Правда, за изобилие это, будь оно неладно, приходилось расплачиваться. У Блинова под каской красовалась бинтовая нашлепка с мазью – немецкая пуля срезала ему с головы кусок кожи и надкусила кончик уха. Колю хотели отправить в тыл, подлечить немного, но он не захотел.
– Вот возьмем Смоленск, тогда и в тыл – немного отдохнуть, а заодно и подлечиться… А так – нет, увольте, да и не могу я здесь напарника оставить одного. В одиночку справляться с пулеметом трудно.
Тут, конечно, Коля перегибал палку, это он без напарника с пулеметом не справится, а Куликов в одиночку очень даже справится, одолеет без всяких сложностей. Хотя по части снабжения телячьими котомками, срезанными со спин мертвых фрицев, дело будет обстоять хуже, Блинов преуспел именно по этой части, за успехи по добыче выпивки и съедобных боеприпасов ему можно на погоны лычки старшины цеплять – заслужил.
За несколько дней расчет Куликова несколько раз сменил позицию и в конце концов обосновался на высотке, прикрытой молодыми, на удивление целыми, не посеченными осколками елями.
– Ох, и надоело же копать лопатой землю, до скрипа в костях надоело, – пожаловался как‑то Блинов.
– Где конкретно скрипит?
– Да везде.
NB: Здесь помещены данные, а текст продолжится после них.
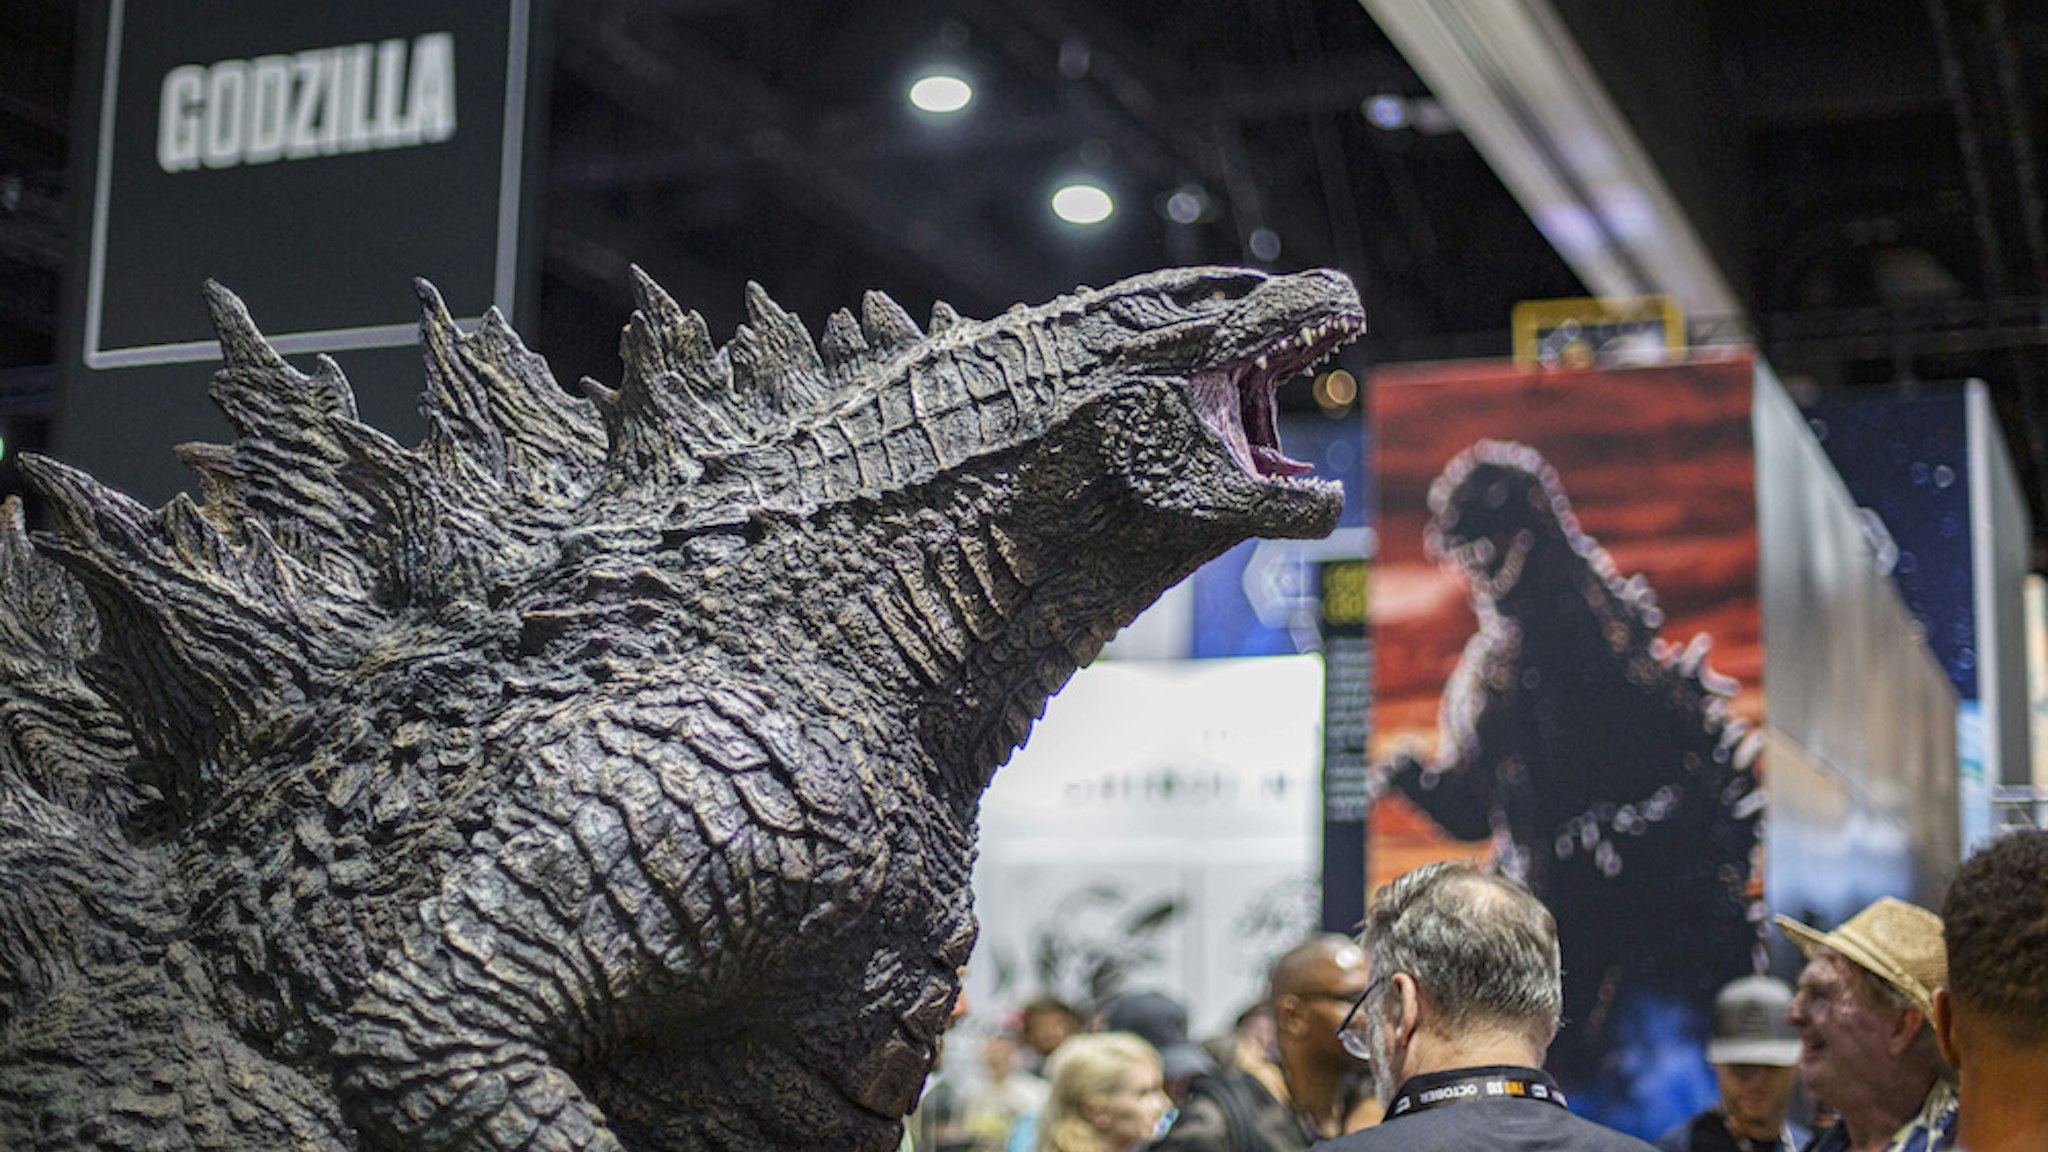 SAN DIEGO, CALIFORNIA - JULY 19: General view of the atmosphere at the Godzilla booth at 2019 Comic-Con International on July 19, 2019 in San Diego, California

И в голове, и в спине, и в сапогах, куда ни сунься – везде скрипит… Ледяная крошка, мерзлый снег, песок, тертый камешник, земля… Тьфу!
– Если хочешь остаться в живых, закапывайся, – на зубах у Куликова тоже скрипел песок, но он не обращал на него внимания, только размеренно помахивал лопатой, выкапывая гнездо для любимого «максима». – Другого способа нет, только этот.
– От лопаты мозоли везде, – прежним жалобным тоном произнес напарник, – даже на заднице.
– Что‑то я не видел, чтобы ты задницей копал окопы, – Куликов, сомневаясь, похмыкал в кулак, и Коля прекратил разговор, не стал его продолжать.
Пулеметная позиция была выбрана грамотно, с чувством и с толком. Высотка хоть и выглядела мизерной, всего на пару вершков приподнялась над землей, а видно с нее было далеко, и взять ее в несколько прыжков гитлеровцы никак не могли, под ноги атакующим обязательно попадалось какое‑нибудь препятствие: яма, пара пней, утяжеленных минами, или же что‑то еще, какой‑нибудь сюрприз с подарками – набор гостинцев тут был обширный, на целую роту могло хватить.
Небо утреннее, сырое и грузное, пропитанное мерзлым снегом, тающим льдом, исторгающее холодную сырость, неожиданно приподнялось, раздвинулось. И словно бы свет откуда‑то пролился, сделалось ясно, будто где‑то недалеко проклюнулось солнце, протерло заспанные глаза, с еловых веток засочилась капель. Стало легче дышать.
Блинов заулыбался обрадованно, перемена в погоде ему понравилась; Куликов, напротив, нахмурился, втянул голову в плечи, будто собирался залезть куда‑нибудь под землю, в укромную щель.